# Identify the year of this Colnago?



## justice29 (Jul 11, 2003)

I'm considering purchasing what is being represented as a 1999 Colnago C40. Is there any way to verify the year and whether or not it is a genuine Colnago?

I have other pictures if this one is insufficient.

Thanks!

John


----------



## justice29 (Jul 11, 2003)

Another photo


----------



## justice29 (Jul 11, 2003)

*more photos*

More pictures


----------



## justice29 (Jul 11, 2003)

*Ok, more pics*

Here are a couple more


----------



## dpower (Jul 24, 2004)

Looks just like my '99, except mine is AD11. 'Course I'm no expert.


----------



## boneman (Nov 26, 2001)

*No expert either but*

Non-BStays with carbon forks were made from 1998 through 2000. Somewhere towards the end of the non-BStay production they went to split rear brake cabling along the top tube.
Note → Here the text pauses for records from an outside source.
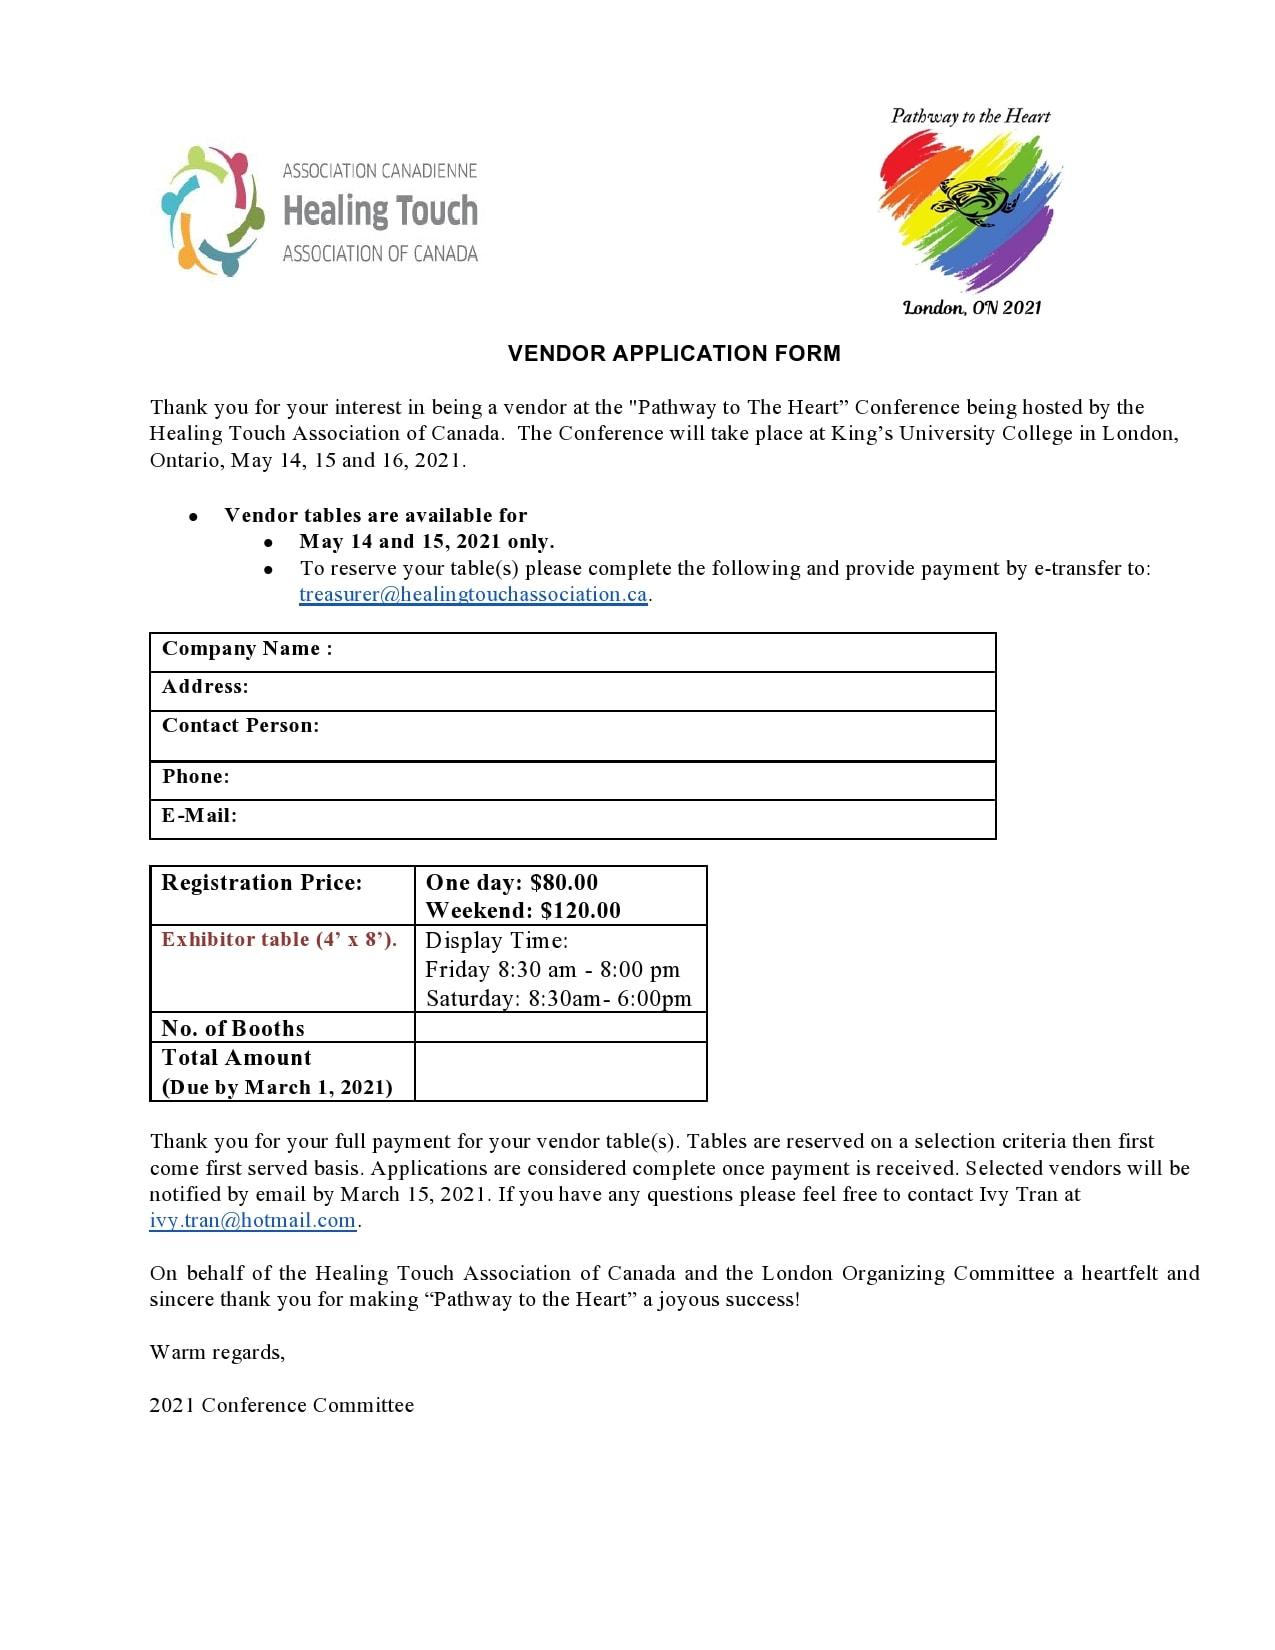 vendor application form 20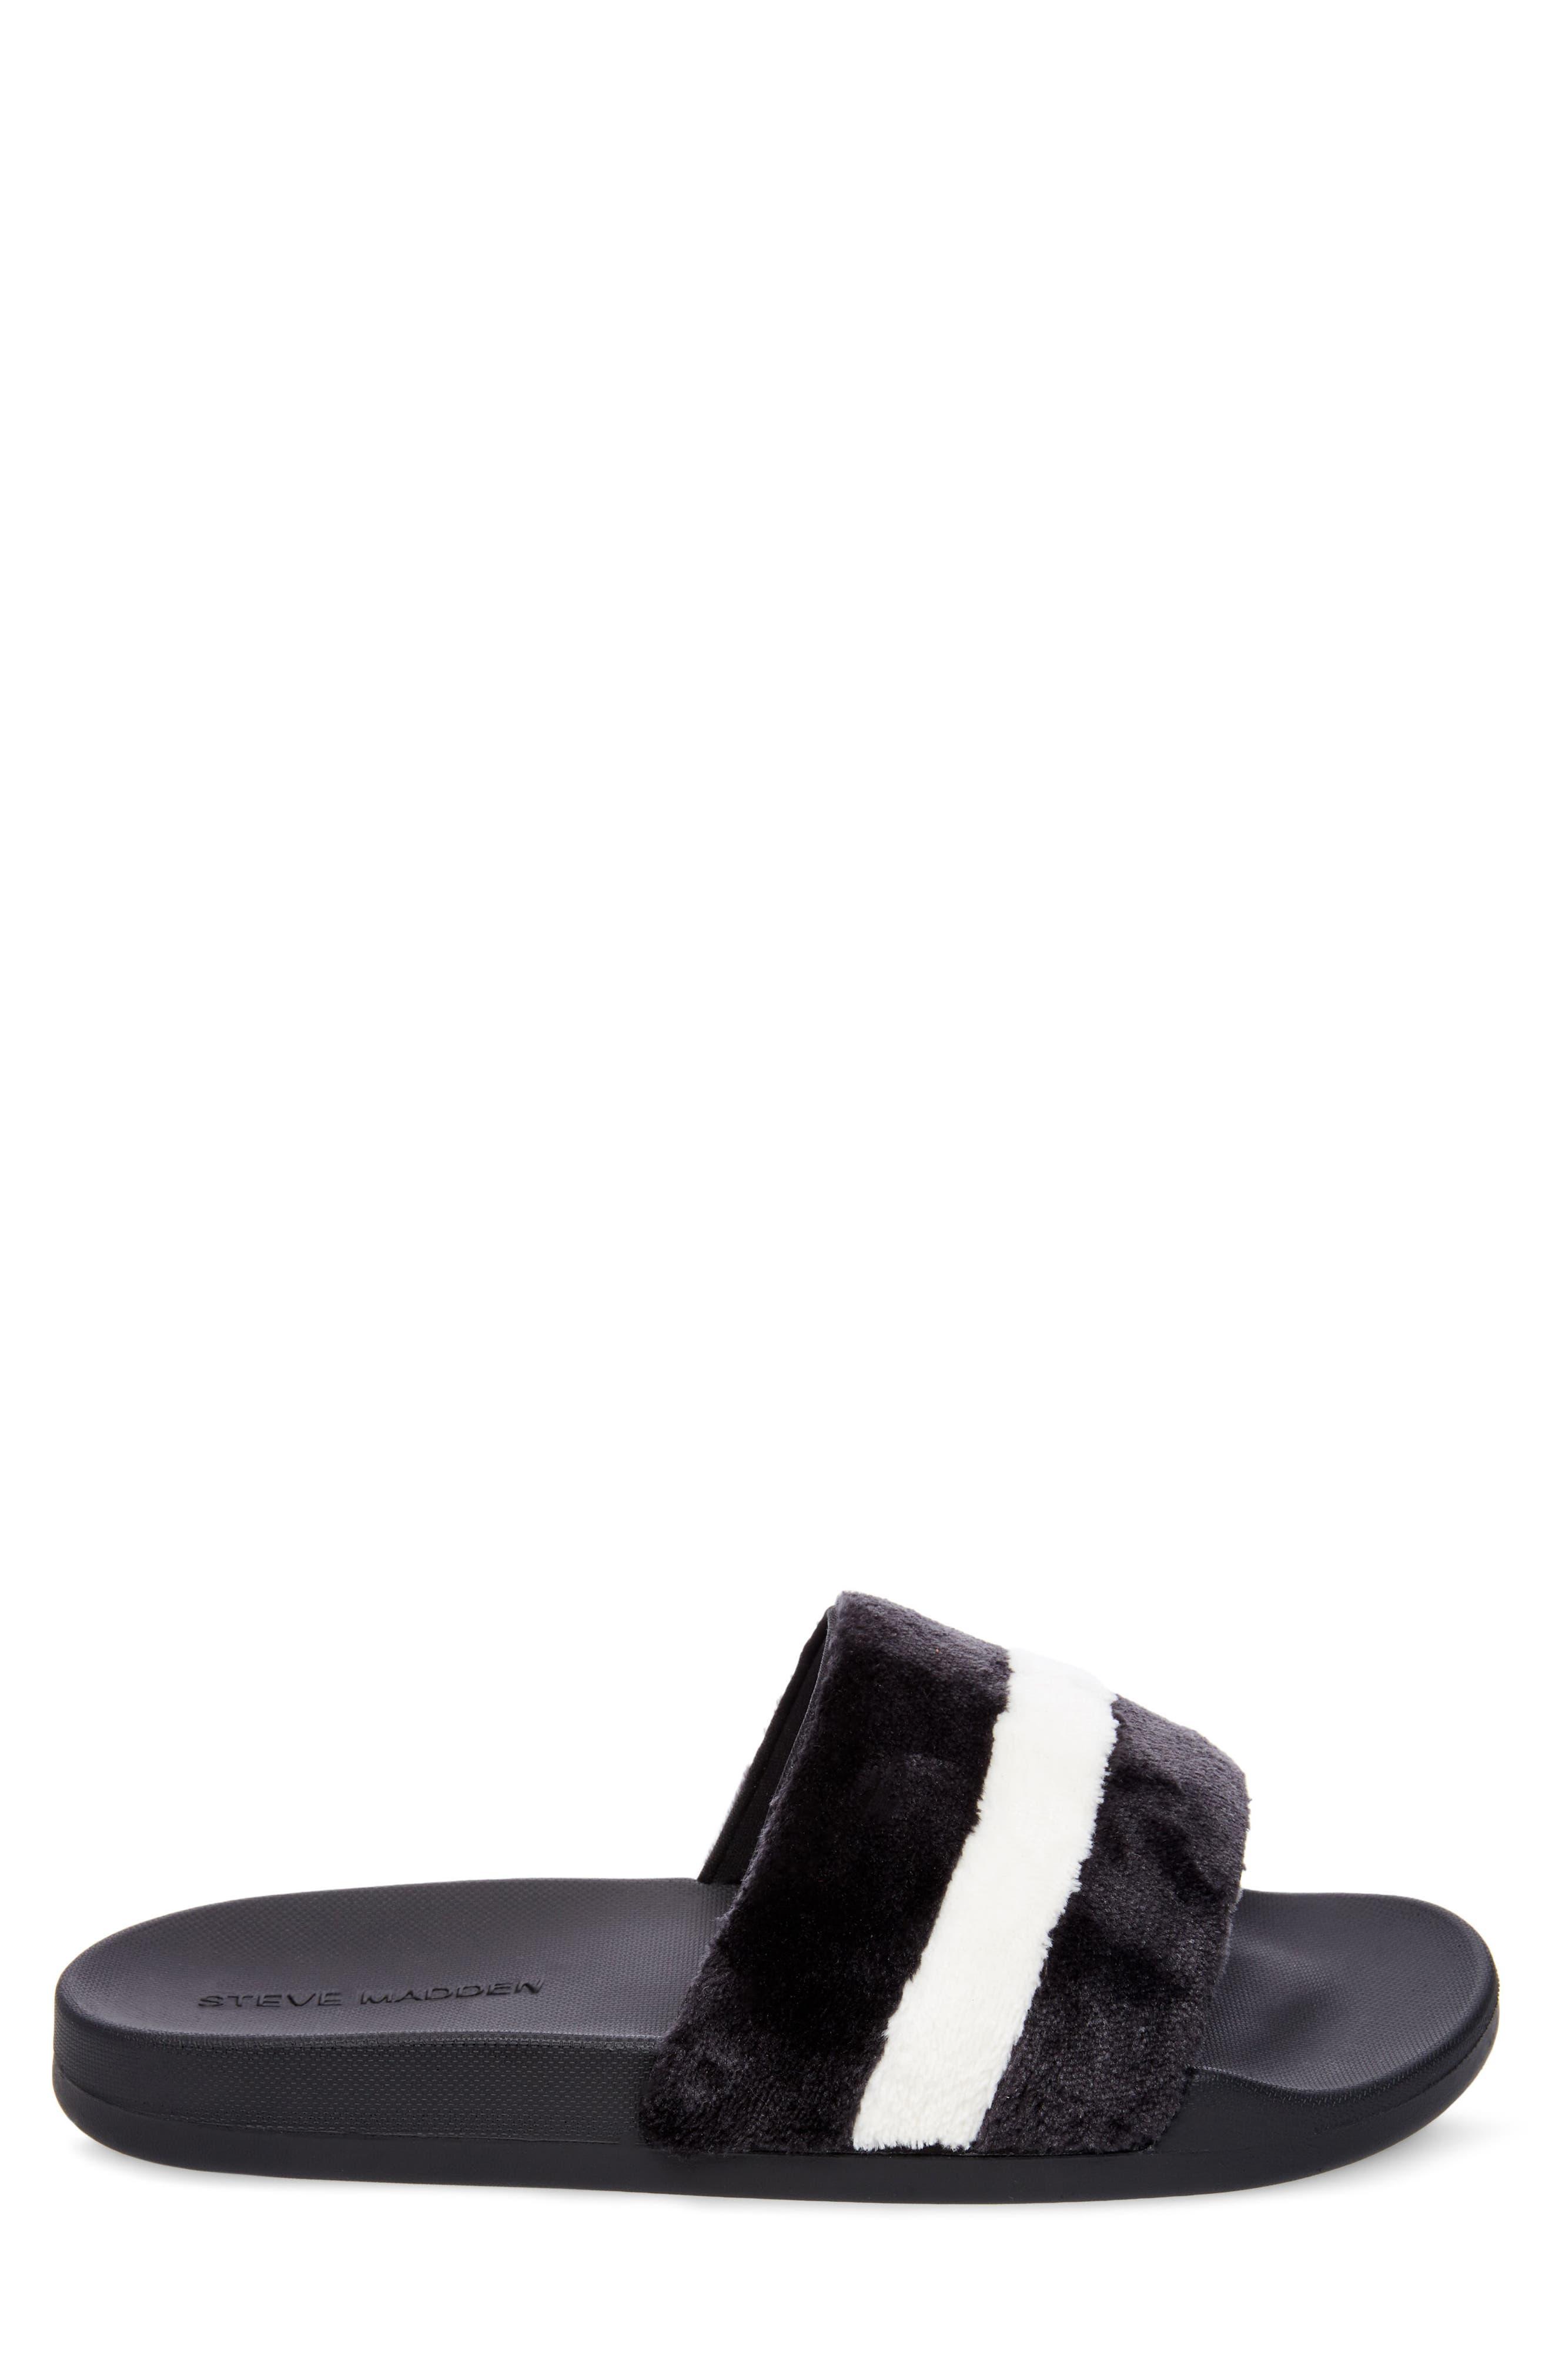 Resport Plush Slide Sandal,                             Alternate thumbnail 3, color,                             Black/ White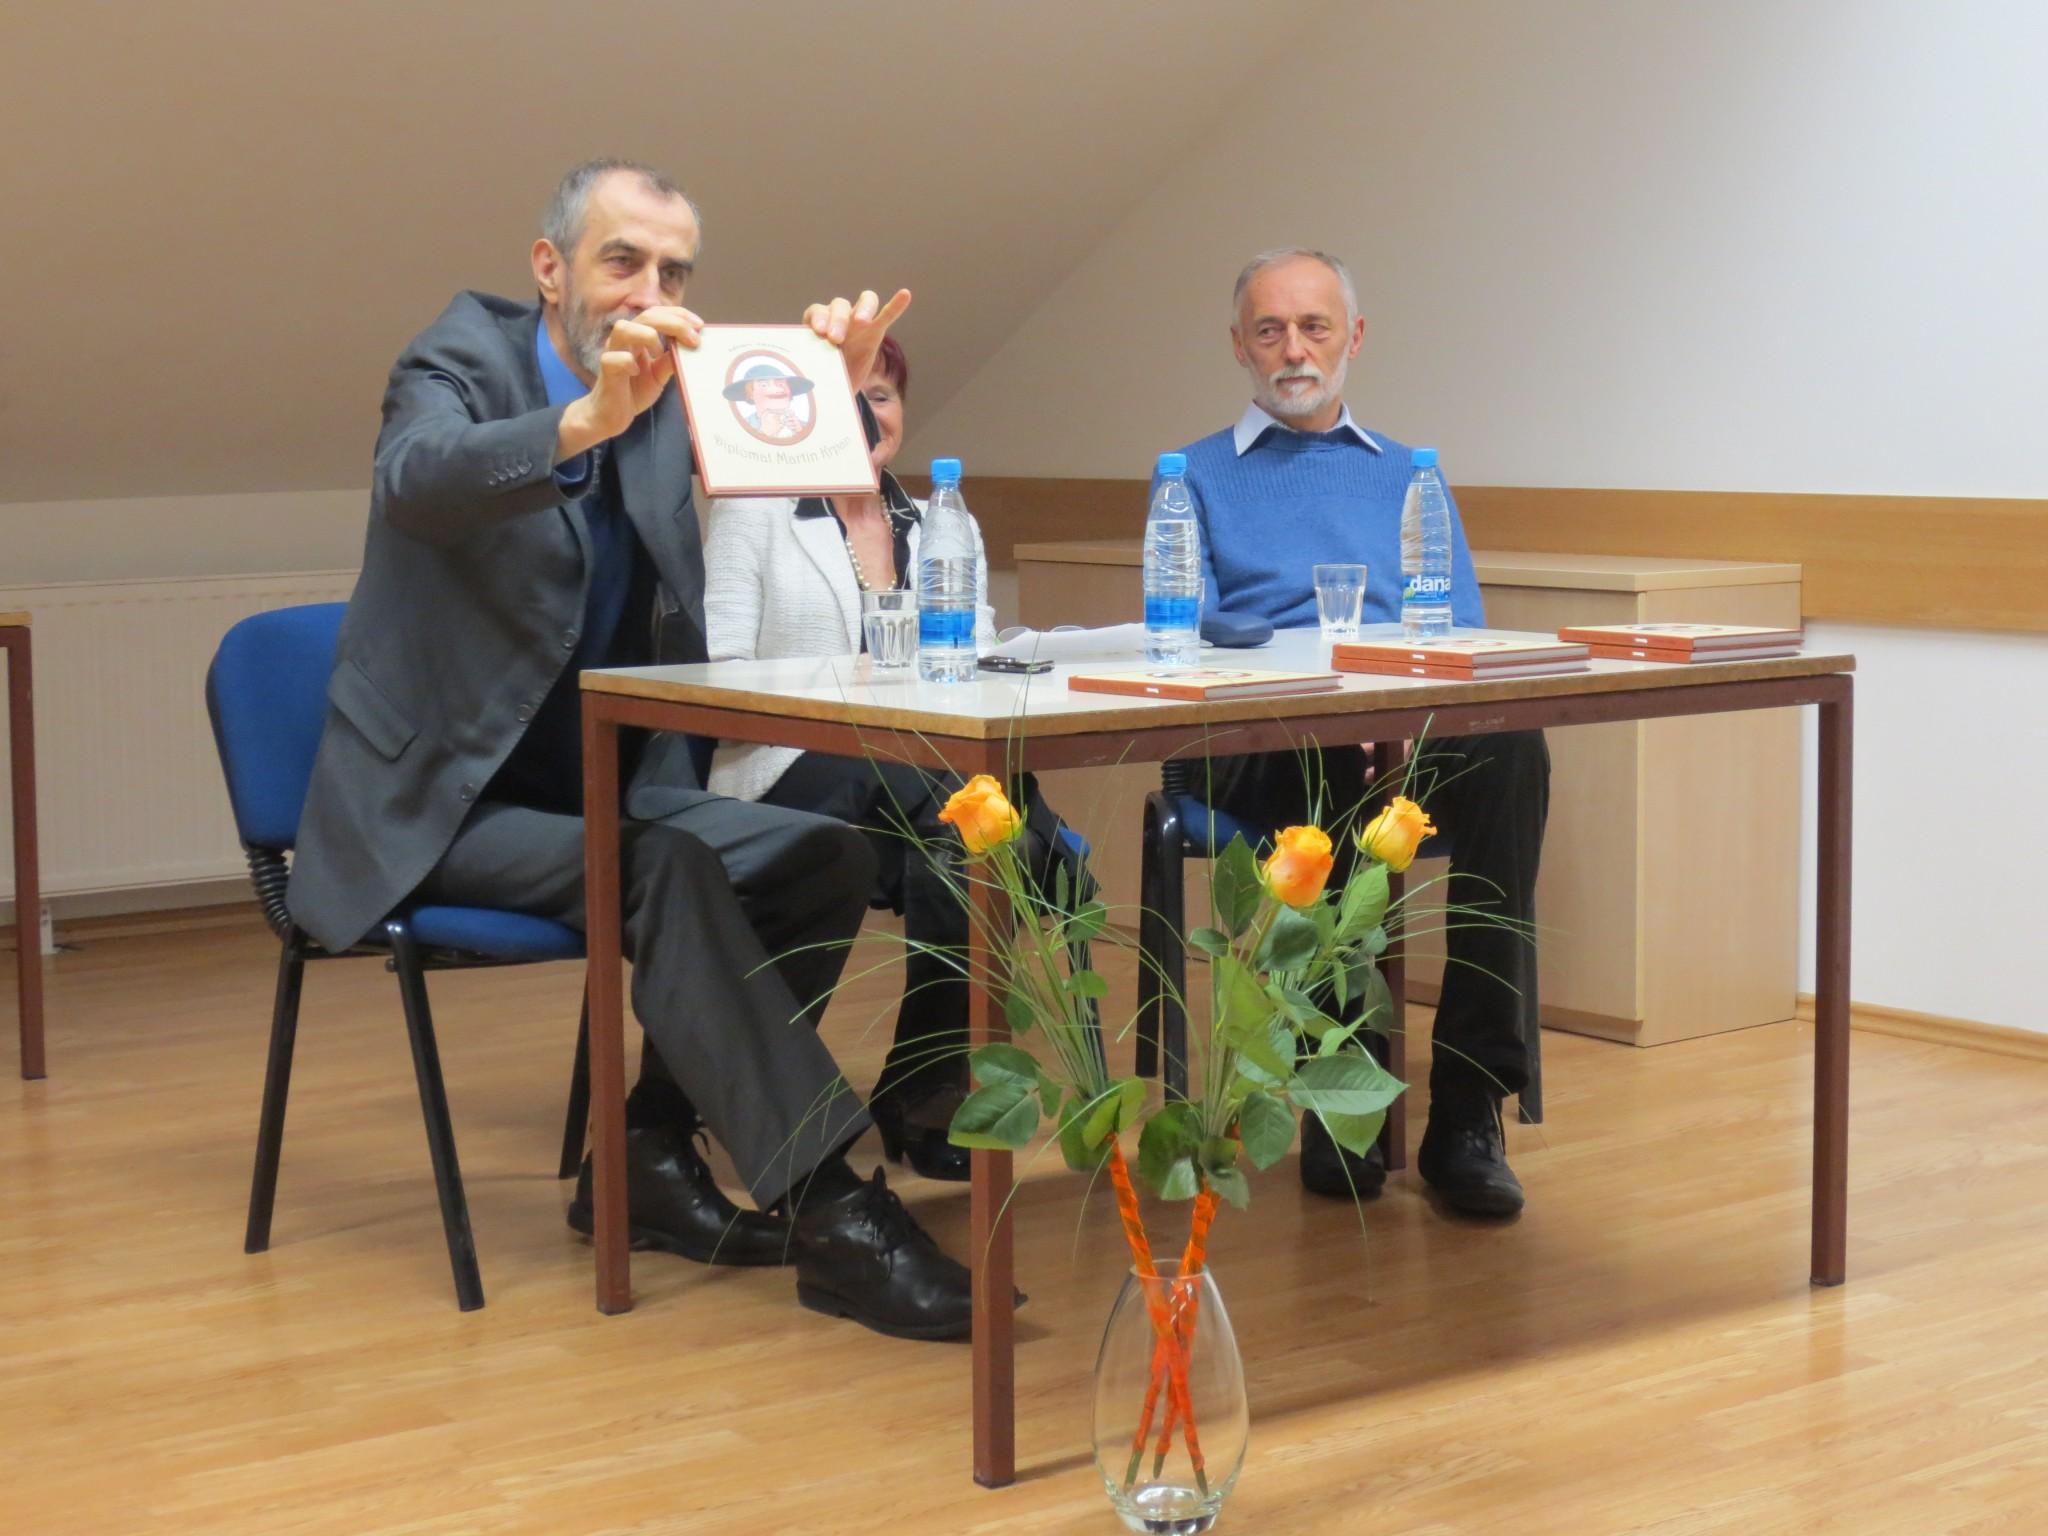 IMG 3508 - Milan Jazbec: Diplomat Martin Krpan

The nice thing about AD10 pre-BStays is that many of them were done with the AD paint on the fork legs as well.


----------



## Guest (Jul 28, 2004)

2000.

I was looking at a new-old frame just like it about a week ago.






boneman said:


> Non-BStays with carbon forks were made from 1998 through 2000. Somewhere towards the end of the non-BStay production they went to split rear brake cabling along the top tube.
> 
> The nice thing about AD10 pre-BStays is that many of them were done with the AD paint on the fork legs as well.


----------



## zzzzzuuup! (Jul 28, 2004)

justice29,

Do you mind if I ask how much will you pay for that bike? I am also planning to buy a 2000 C40 and I do know how much will it worth. 

Thank you,

batur


----------